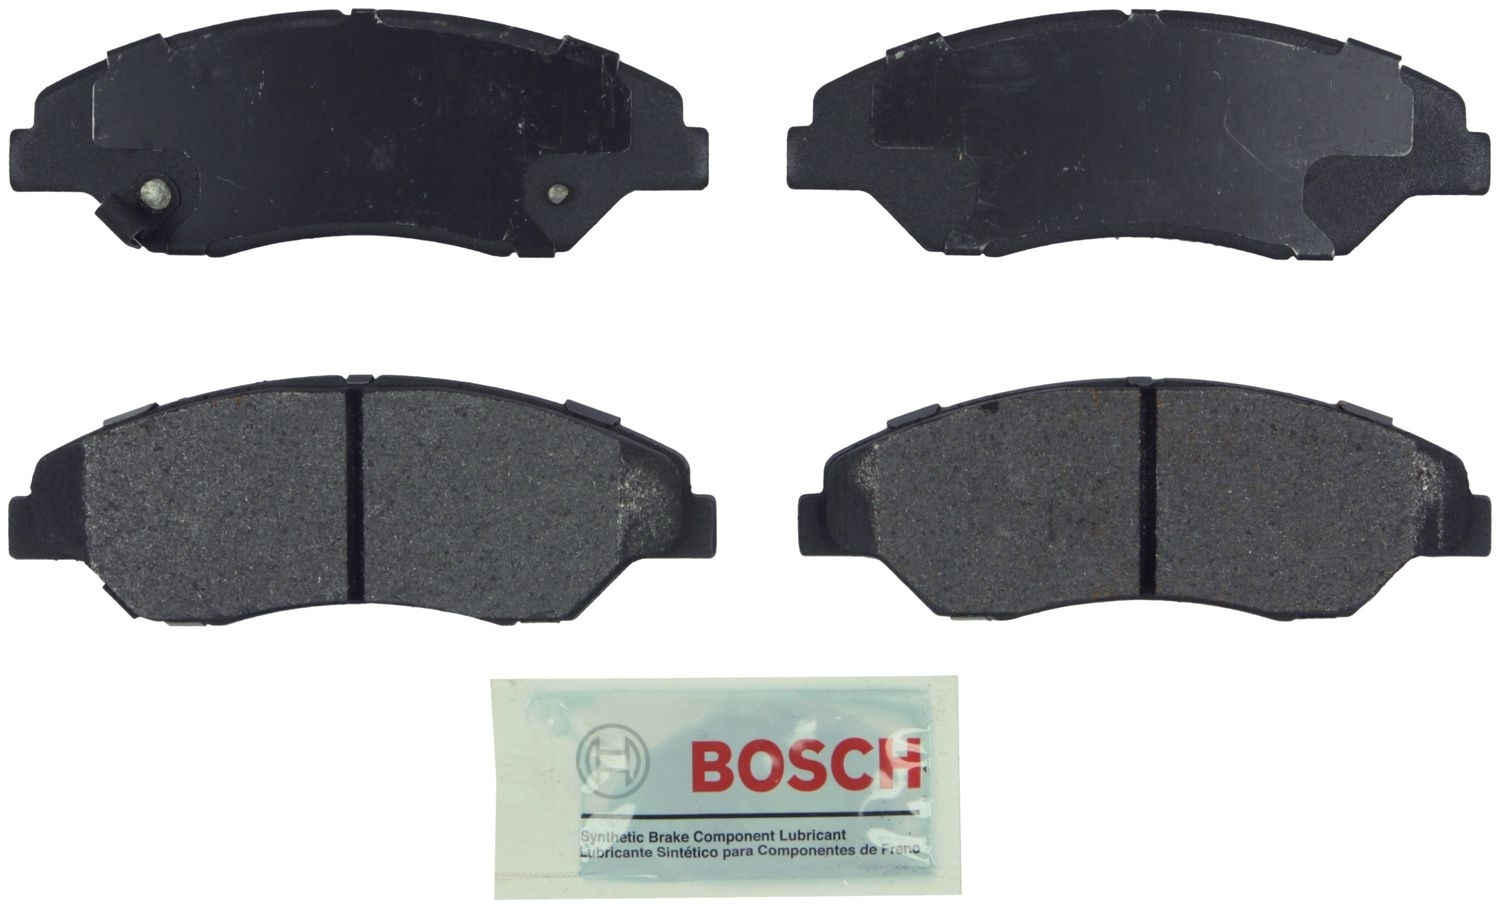 BOSCH BRAKE - Bosch Blue Ceramic Brake Pads - BQC BE774
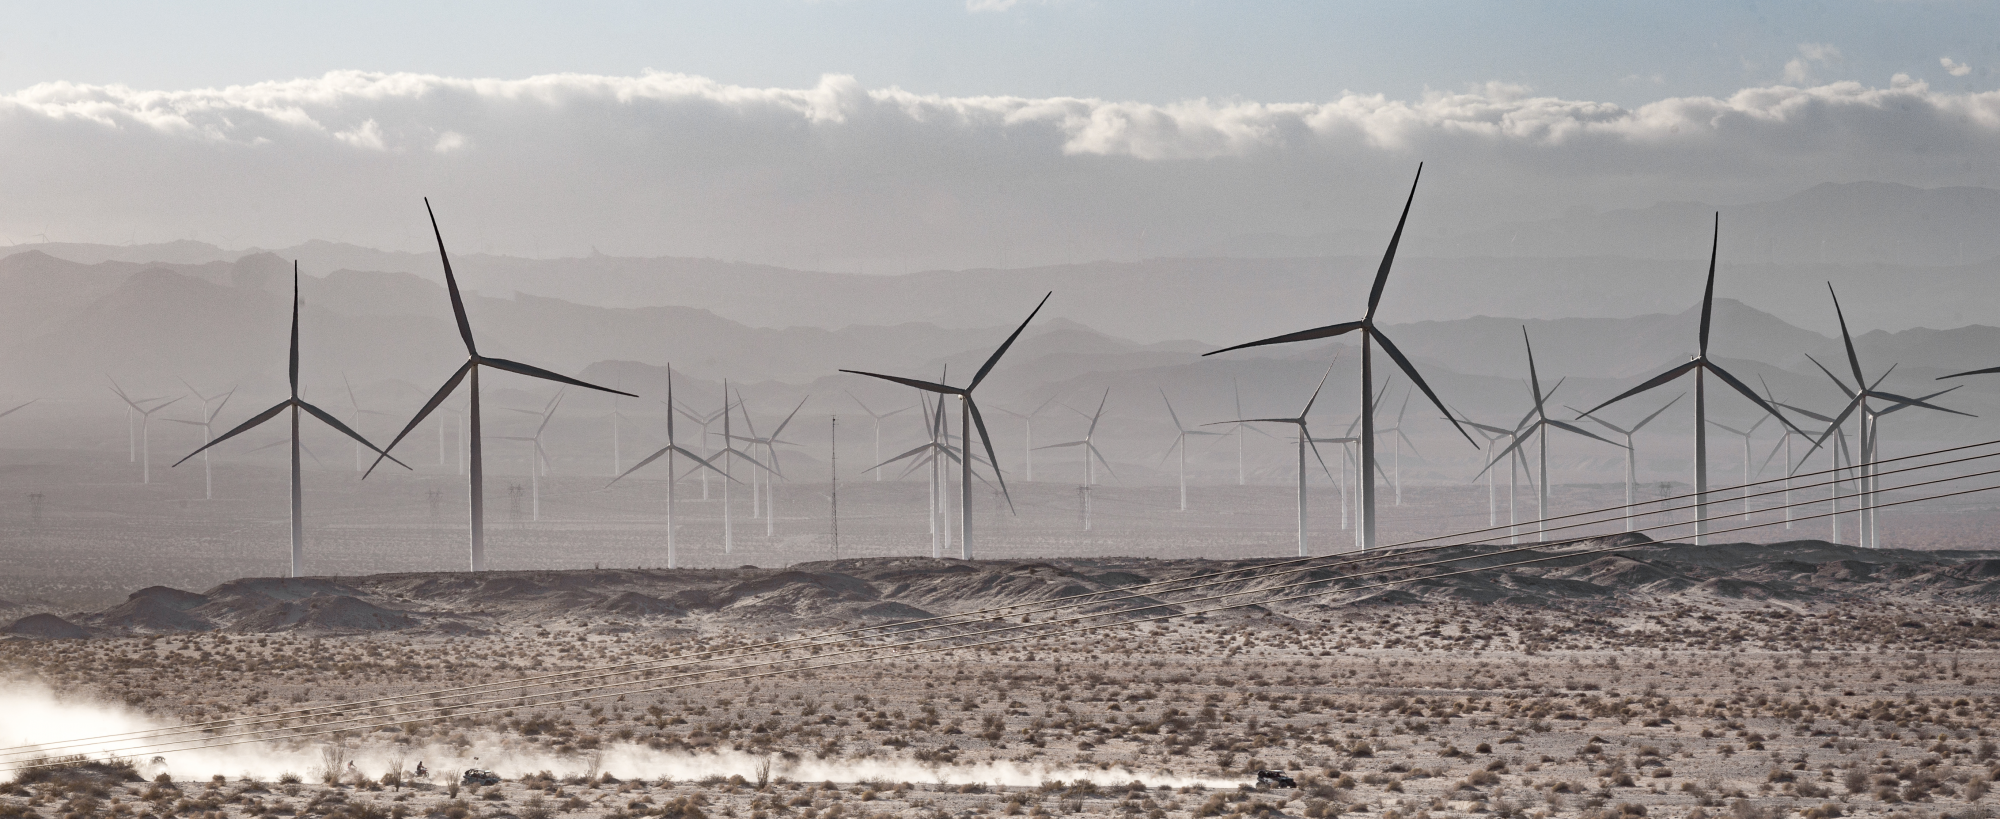 Dozens of modern windmills in a shrubby, desert landscape
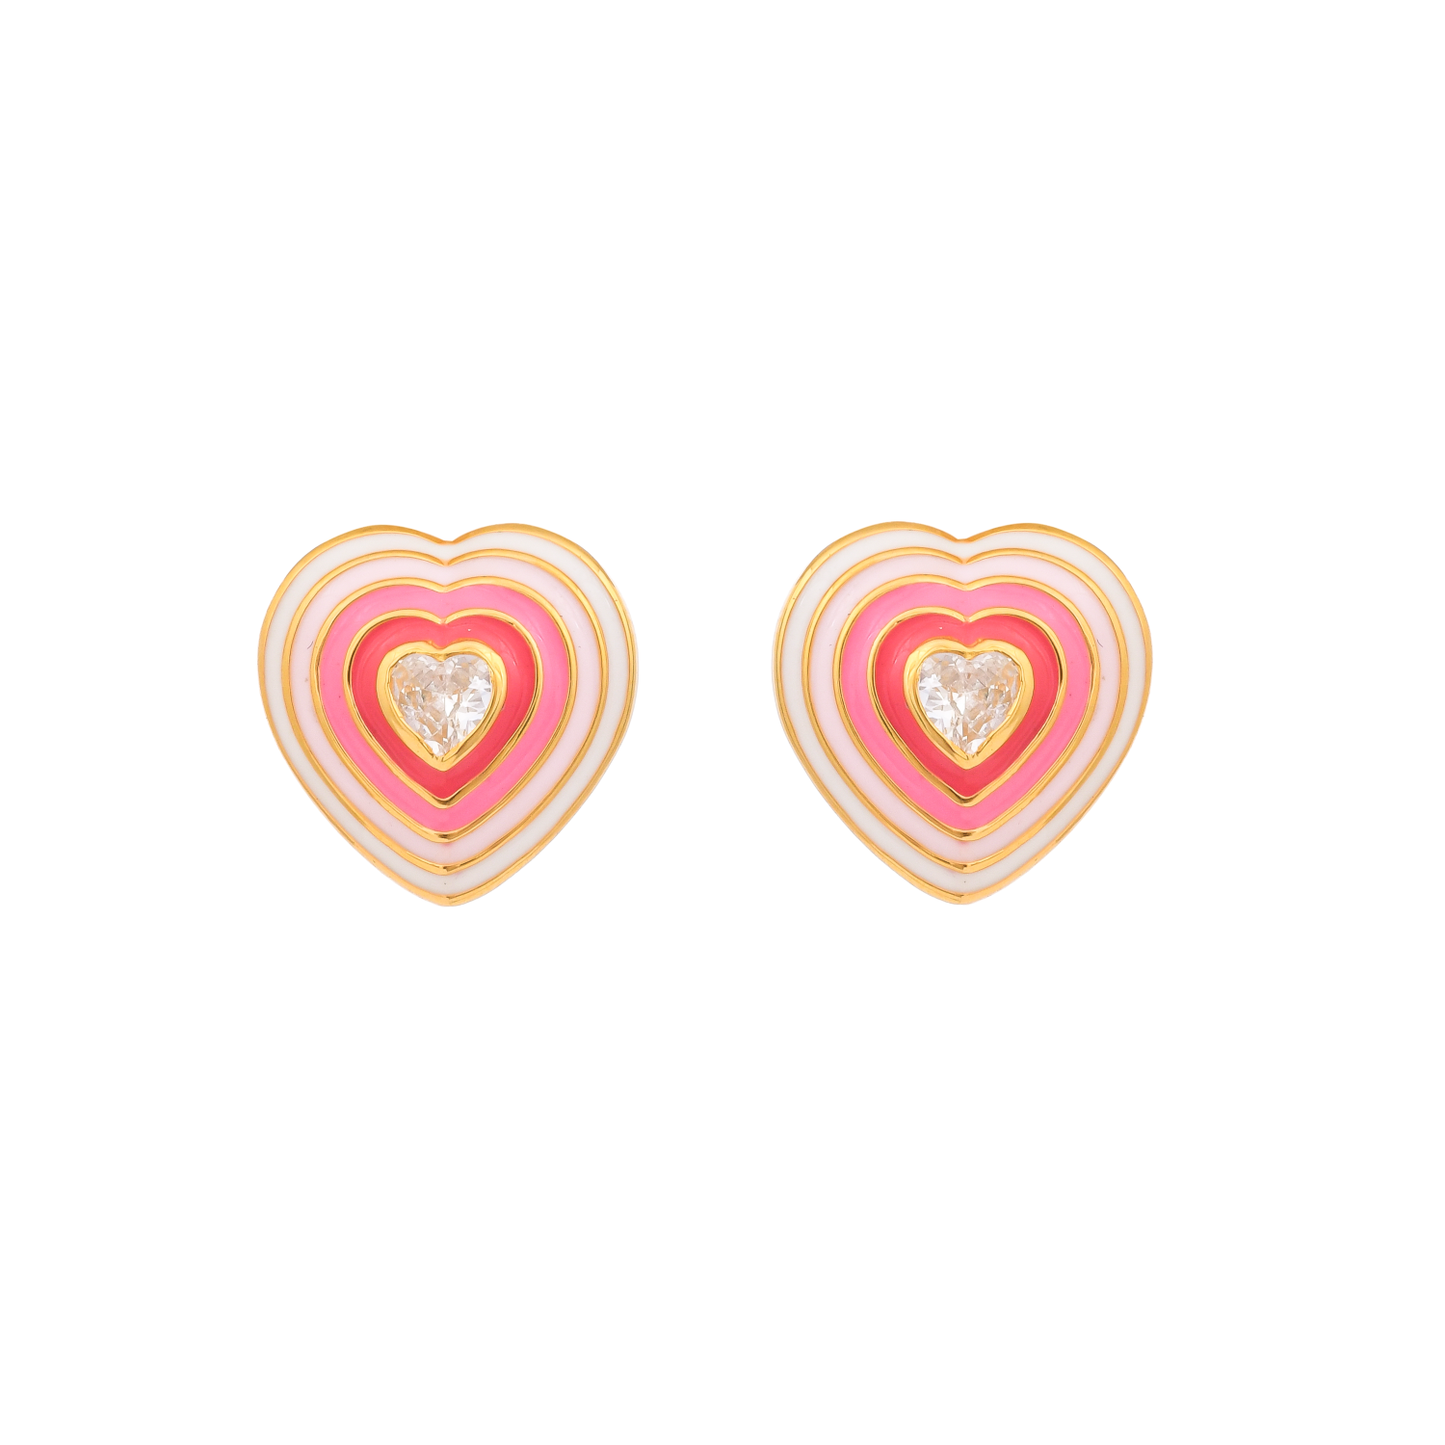 Bianca Pop Heart Earrings
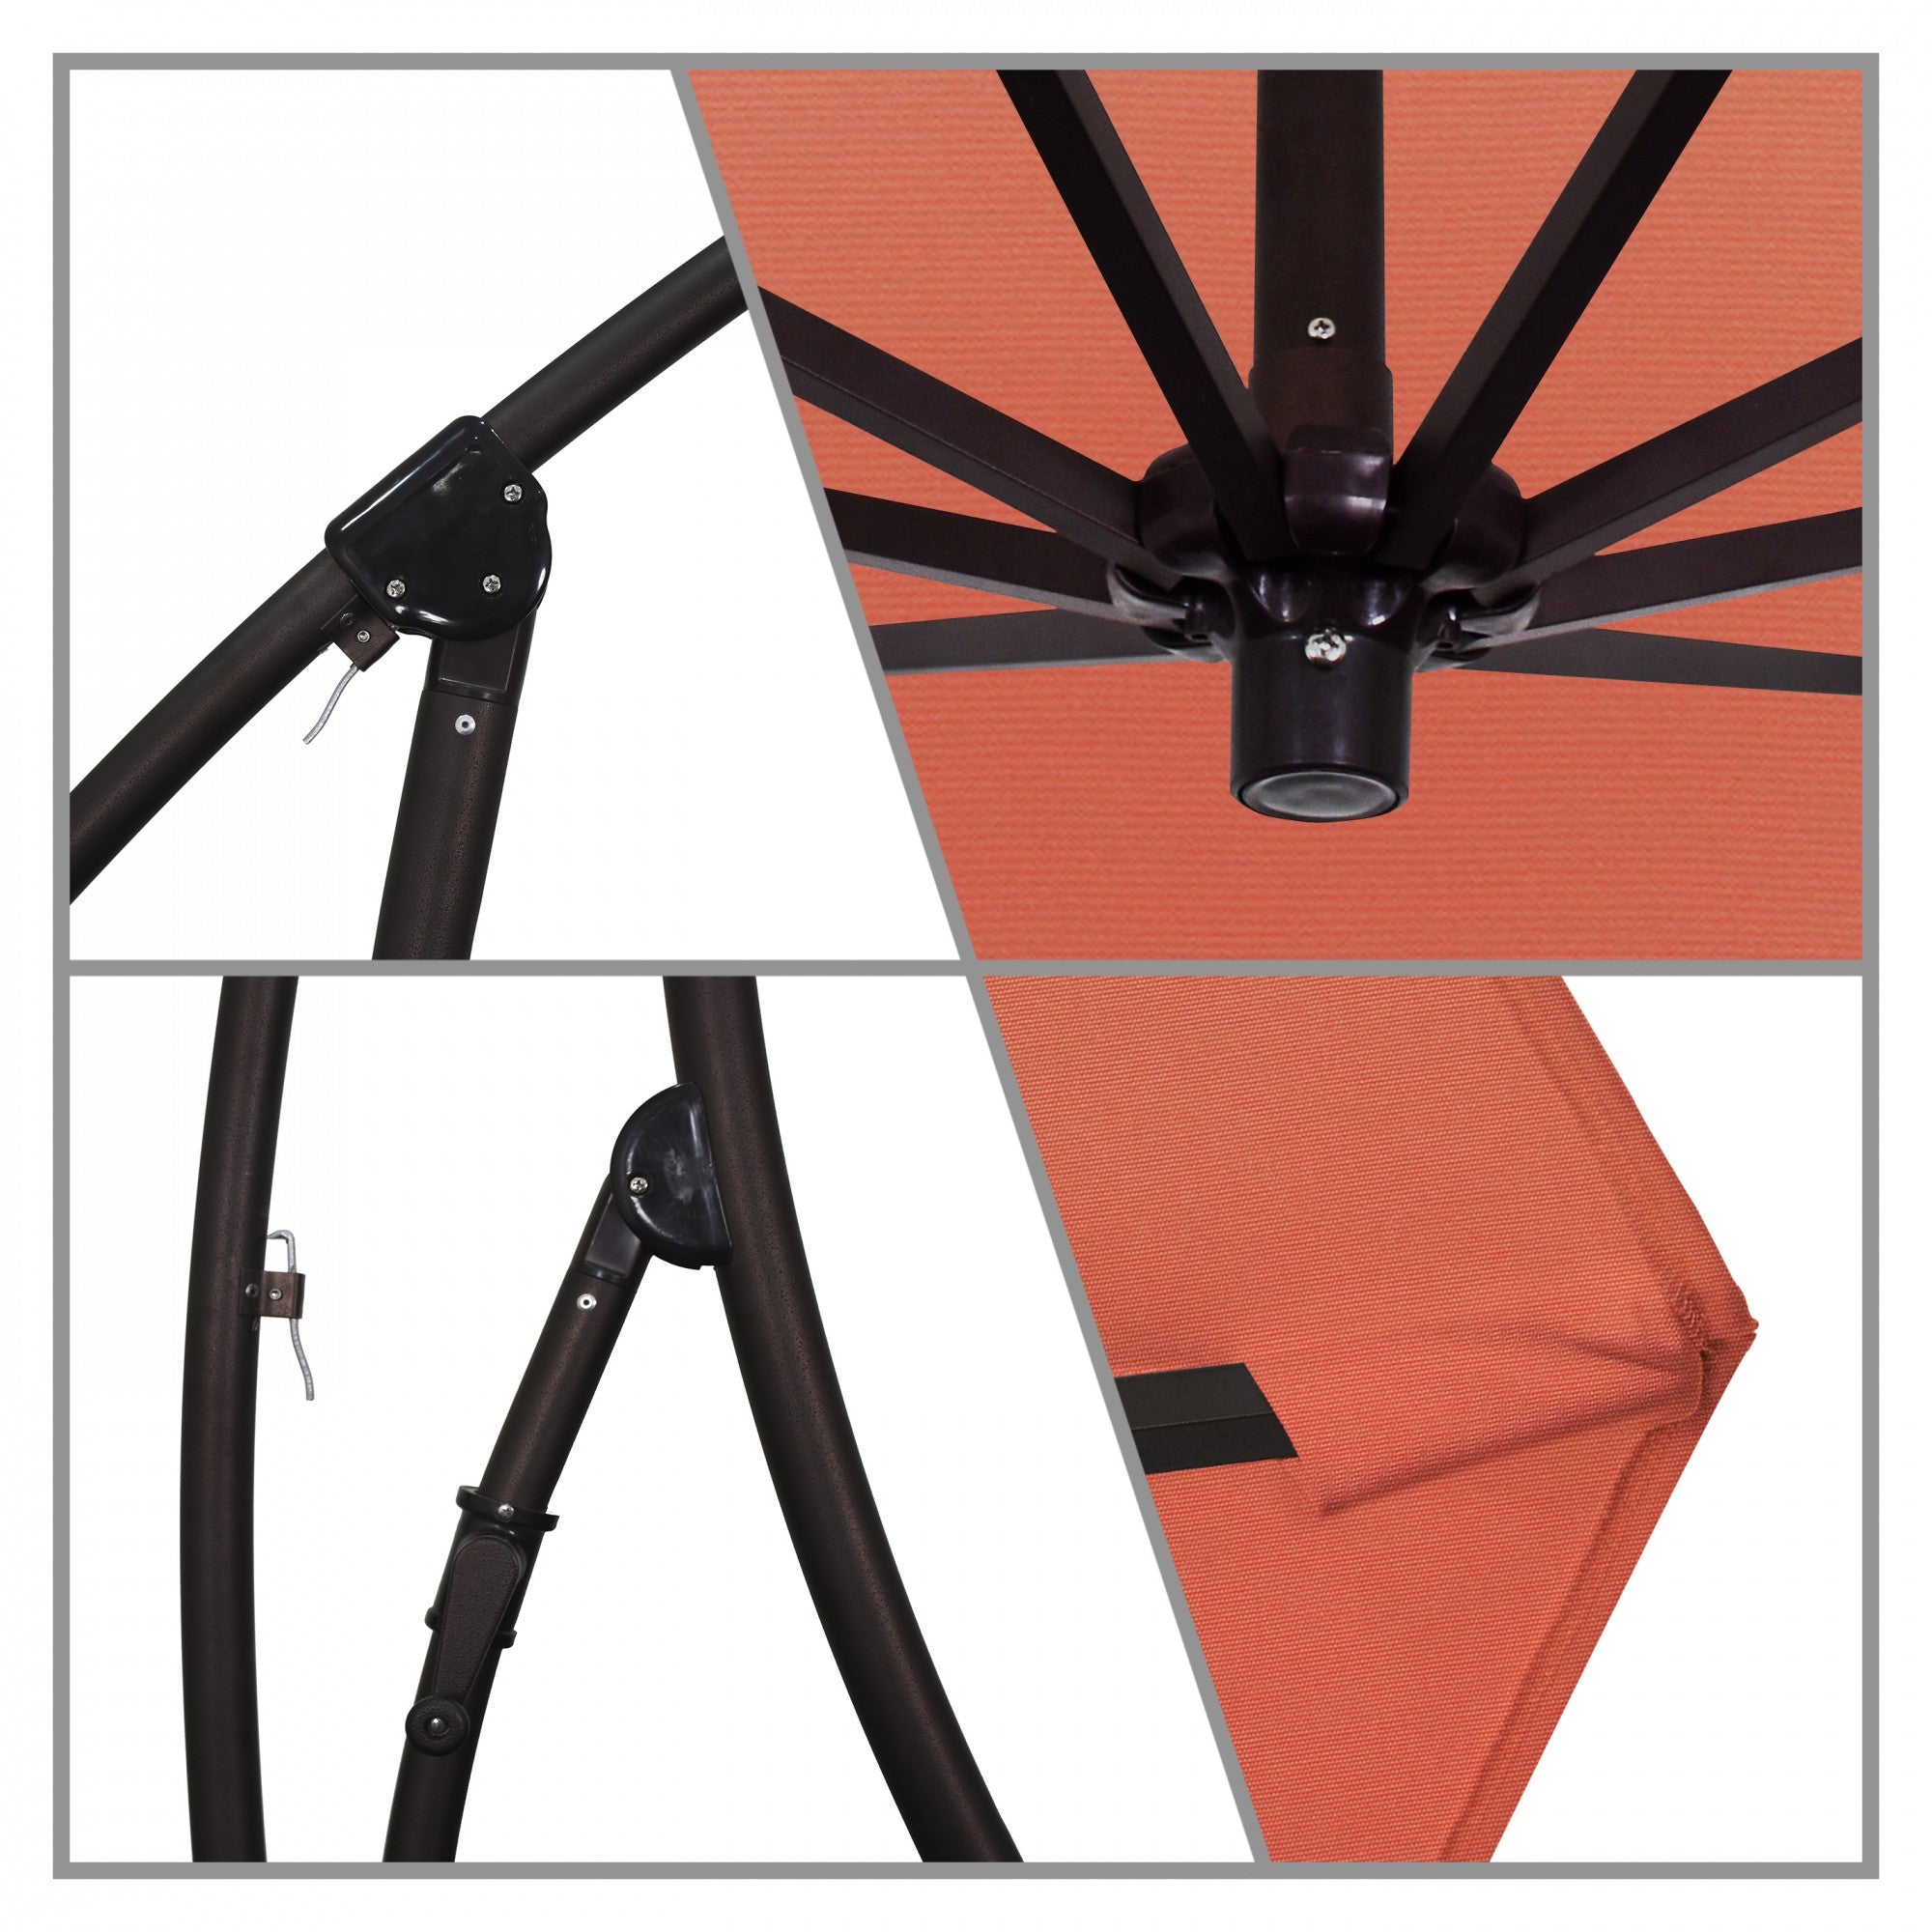 California Umbrella - 9' - Cantilever Umbrella - Aluminum Pole - Melon - Sunbrella  - BA908117-5415

# [Your objective]
Leaving out the pictures, reproduce the whole listing above exactly.

# [Exercise response]
 BOSCH BRAKE - Bosch Blue Ceramic Brake Pads - BQC BE774
 Dozens of modern windmills in a shrubby, desert landscape
 Bianca Pop Heart Earrings
 California Umbrella - 9' - Cantilever Umbrella - Aluminum Pole - Melon - Sunbrella  - BA908117-5415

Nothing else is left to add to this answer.